Already I have a major change — Got a great title suggestion from chaptermate Elizabeth Grayson. Silk and Seduction is going to morph into The Dragon and the Pearl. Isn’t that snazzy? I’m very bad with title-fu so I’m sending cyber-kisses out to Elizabeth. *mwah* *mwah* I just lucked out with “Butterfly Swords”.
I finally got up the courage to open up Little Sis’ package with my manuscript for “D and P” inside. All in all, she was a lot harder on Butterfly first time around, so I’m feeling a little better. Sure she envisions rewriting everything after the midpoint on. *sigh* Got work to do.
It got me to thinking. Even though I don’t plan on putting in all the fixes she suggests verbatim, they’re each telling me something is missing there — whether it be conflict or characterization. Sometimes it’s a huge structural change, like I know I need some sort of milestone that the heroine and hero both achieve together in Chapters 12-14. It’s absent now. And some are 1-2 lines here and there, like evolving the relationship with each chapter.
That’s how I take all critiques. On the first level, the issue is “this is not working” and then the specific details give me clues about what might work. But even if I don’t agree with the clues, it doesn’t take away the fact that something needs to change. I think writers often stop listening when they don’t like the suggested tweaks.

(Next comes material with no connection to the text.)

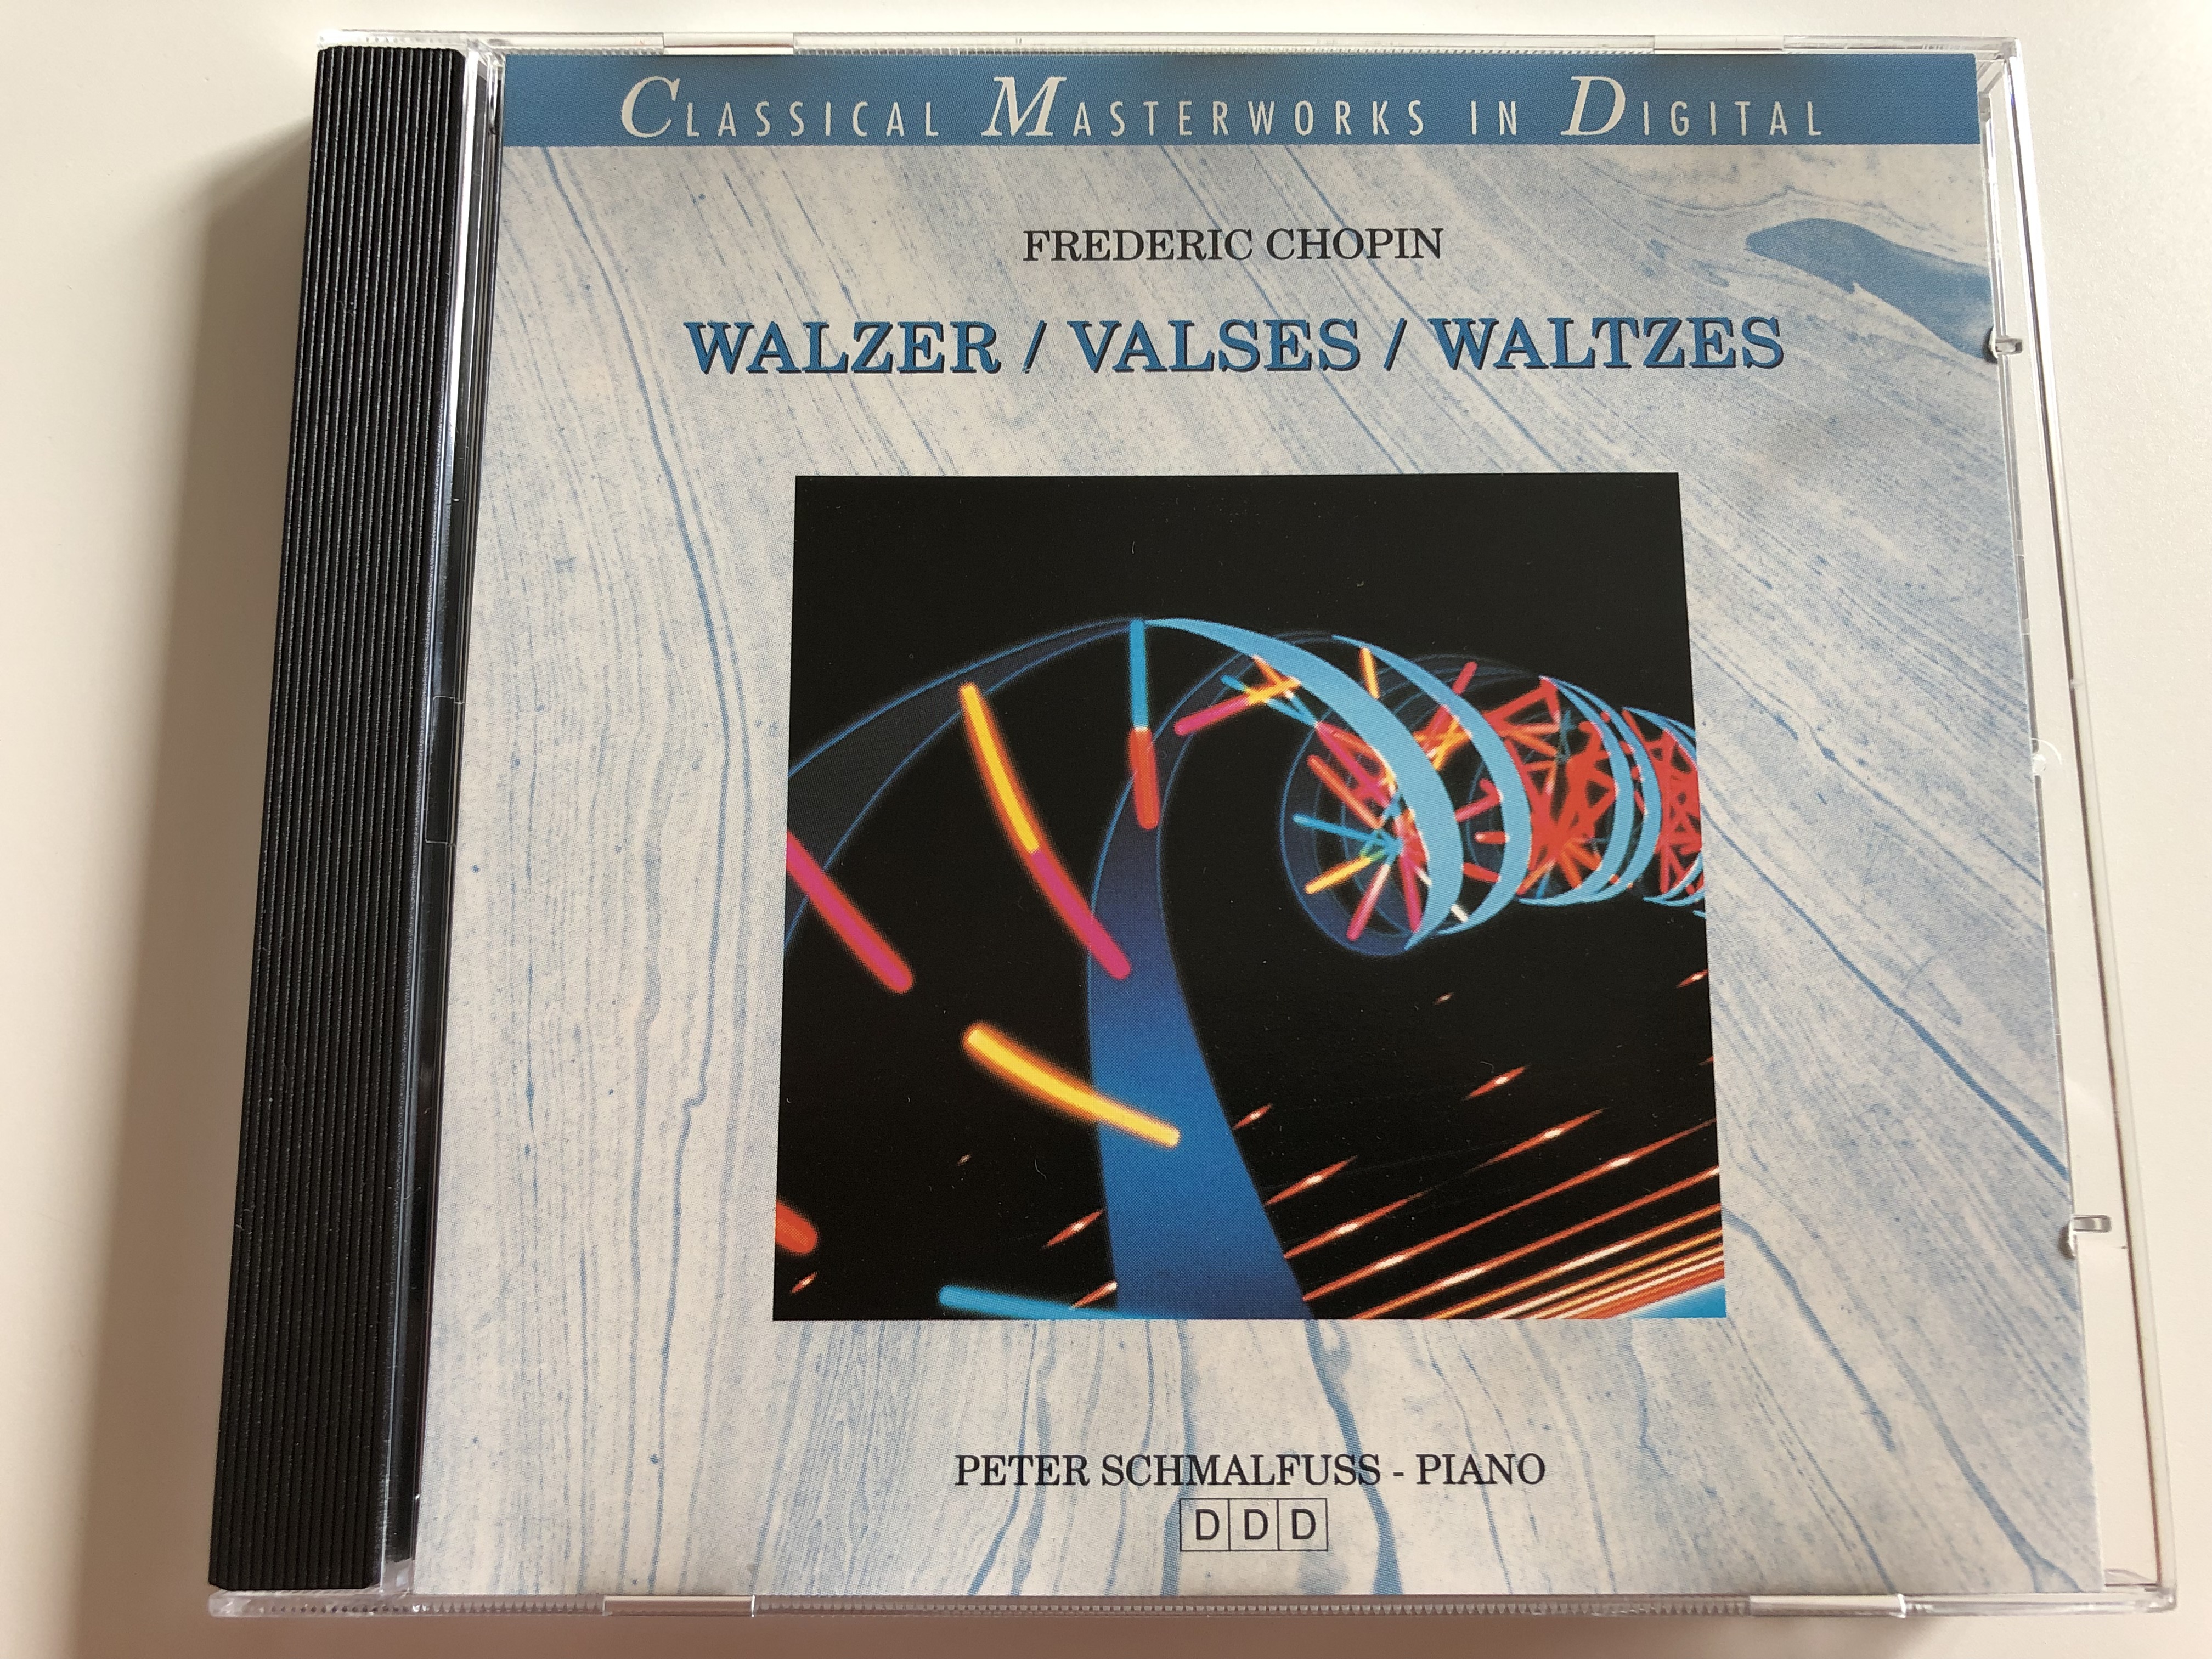 fr-d-ric-chopin-walzer-valses-waltzes-peter-schmalfuss-piano-classical-masterworks-in-digital-selected-sound-carrier-audio-cd-1990-506-1-.jpg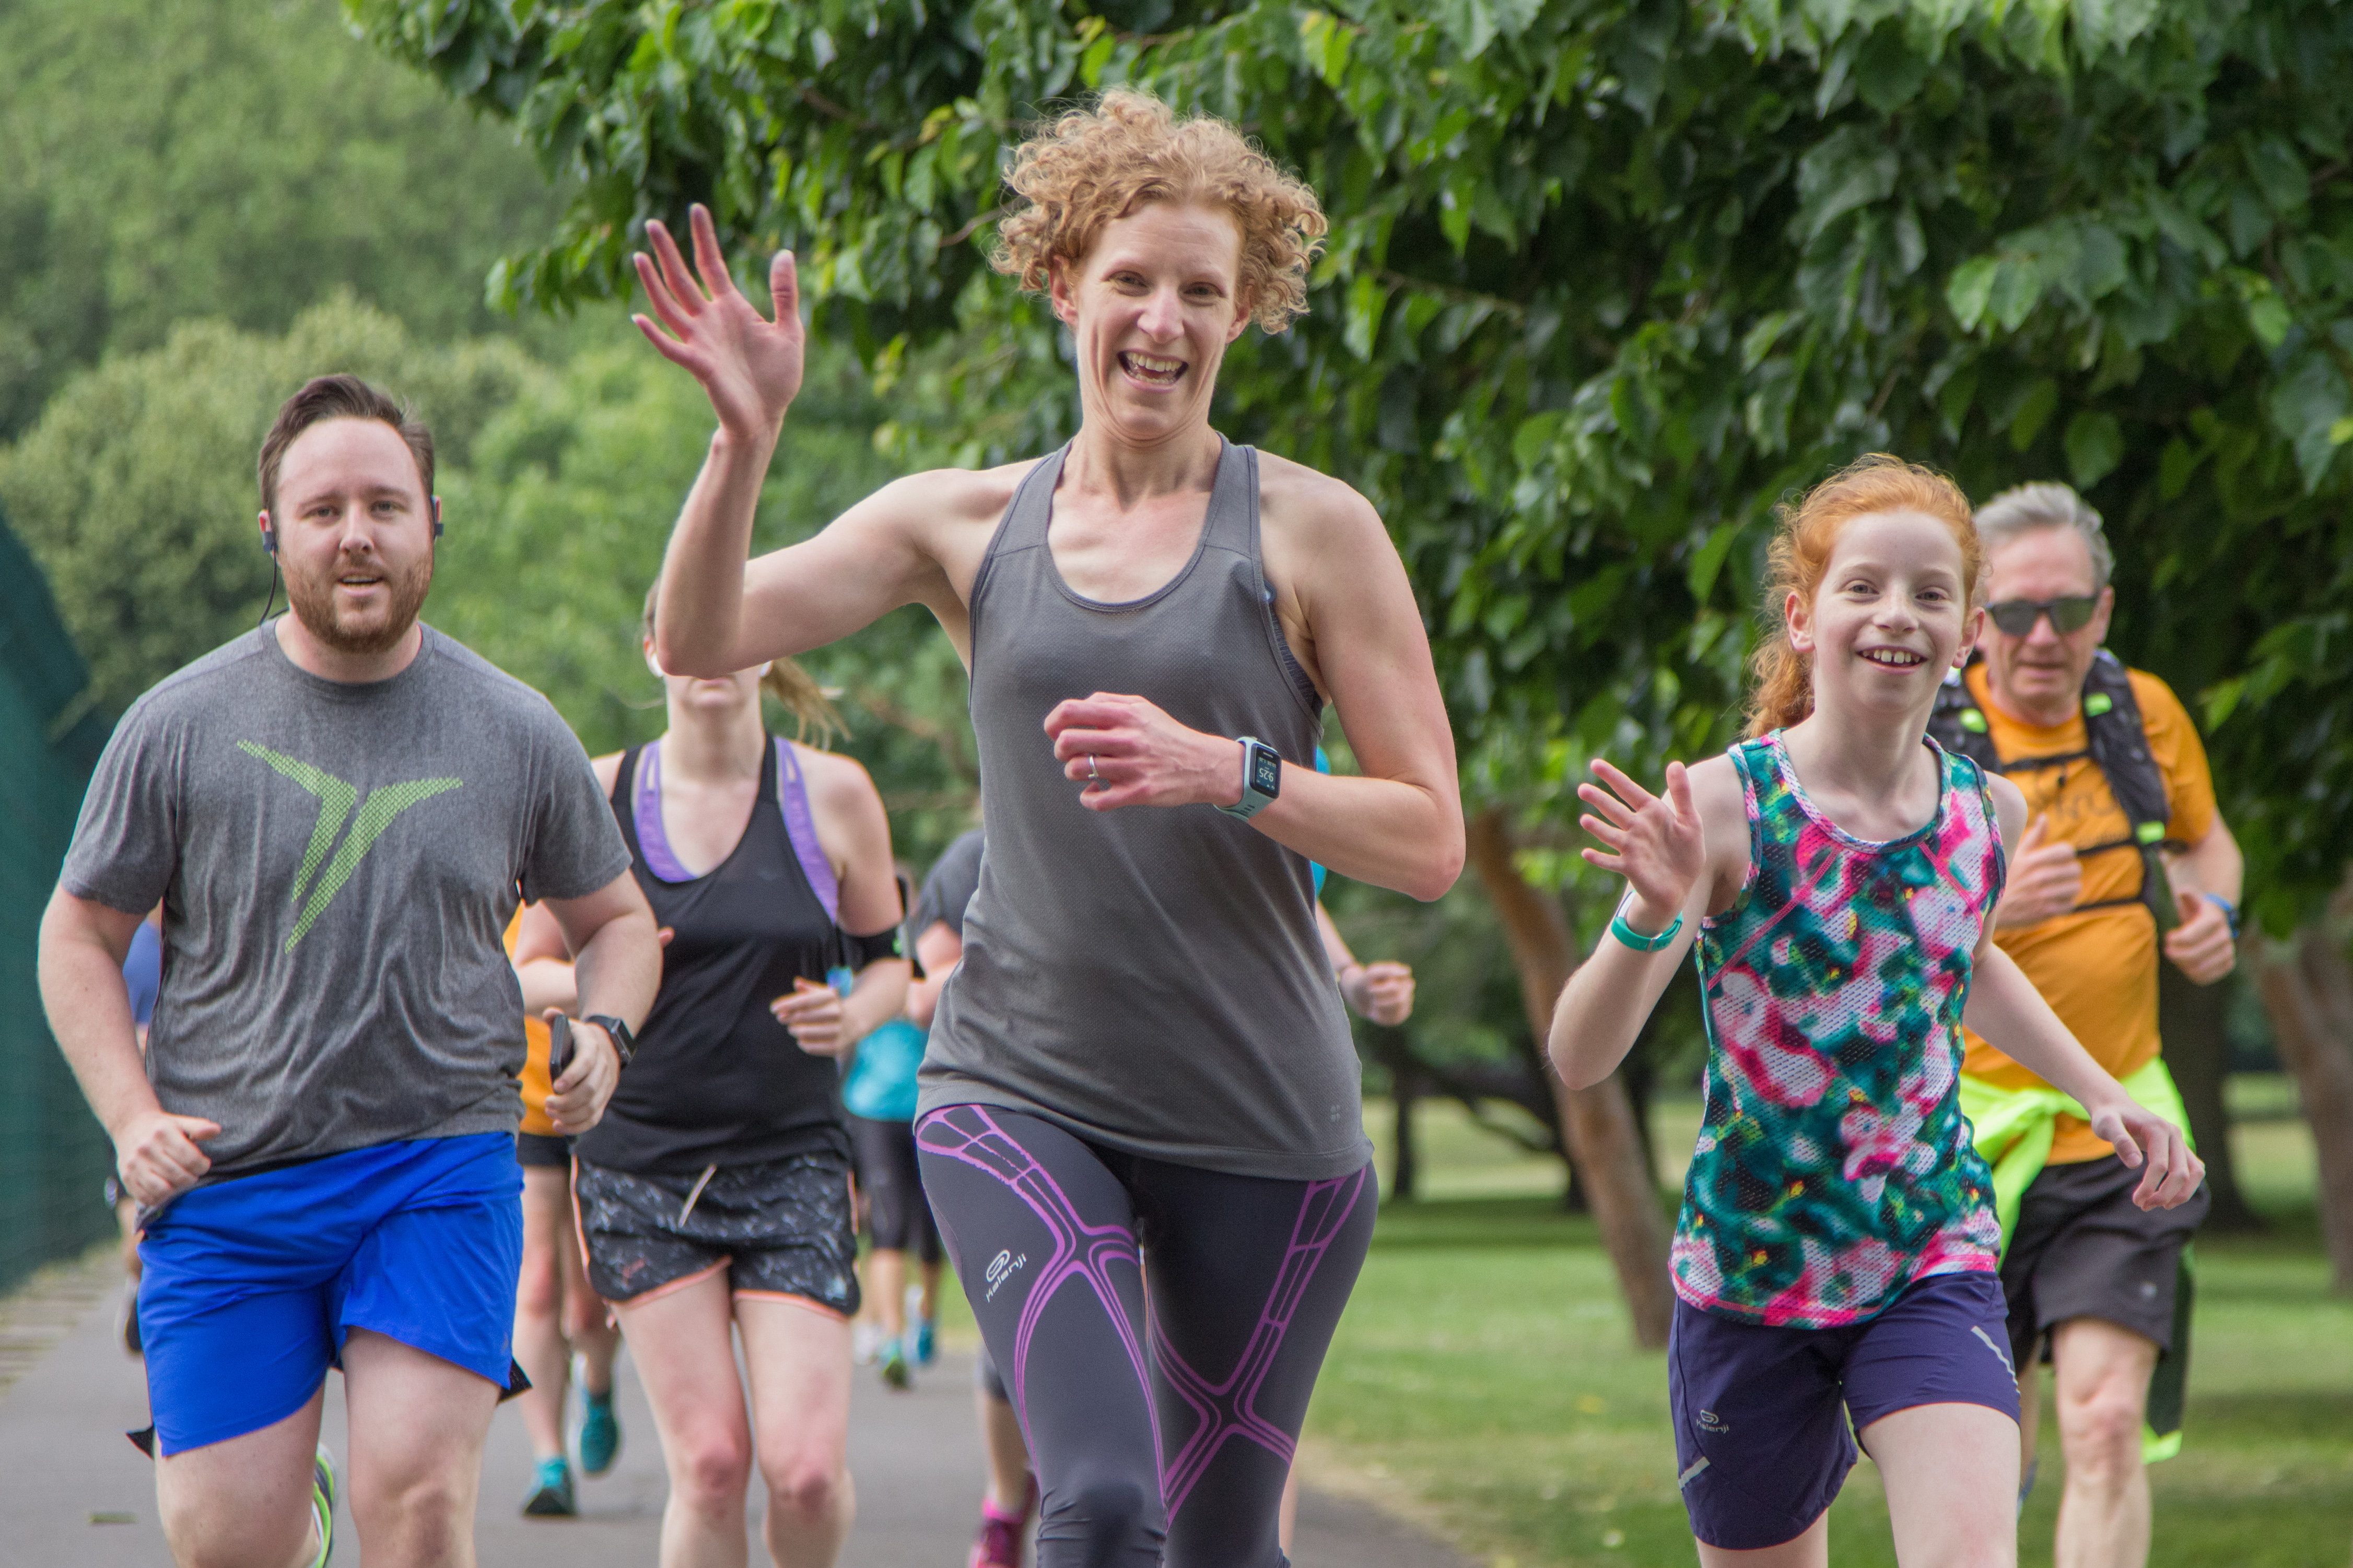 More than 600,000 women who have registered with parkrun are yet to take part

Even though I rely heavily on Little Sis and other readers, in the end the revision comes down to very personal decisions. I’m reminded of a Tyson Beckford quote from Bravo’s “Make me a Supermodel”. (I confess, I watch trashy reality tv.)
Paraphrased, like all my quotes:
“A good model does what the cameraman wants them to do. A supermodel gives him something he didn’t even know he wanted.”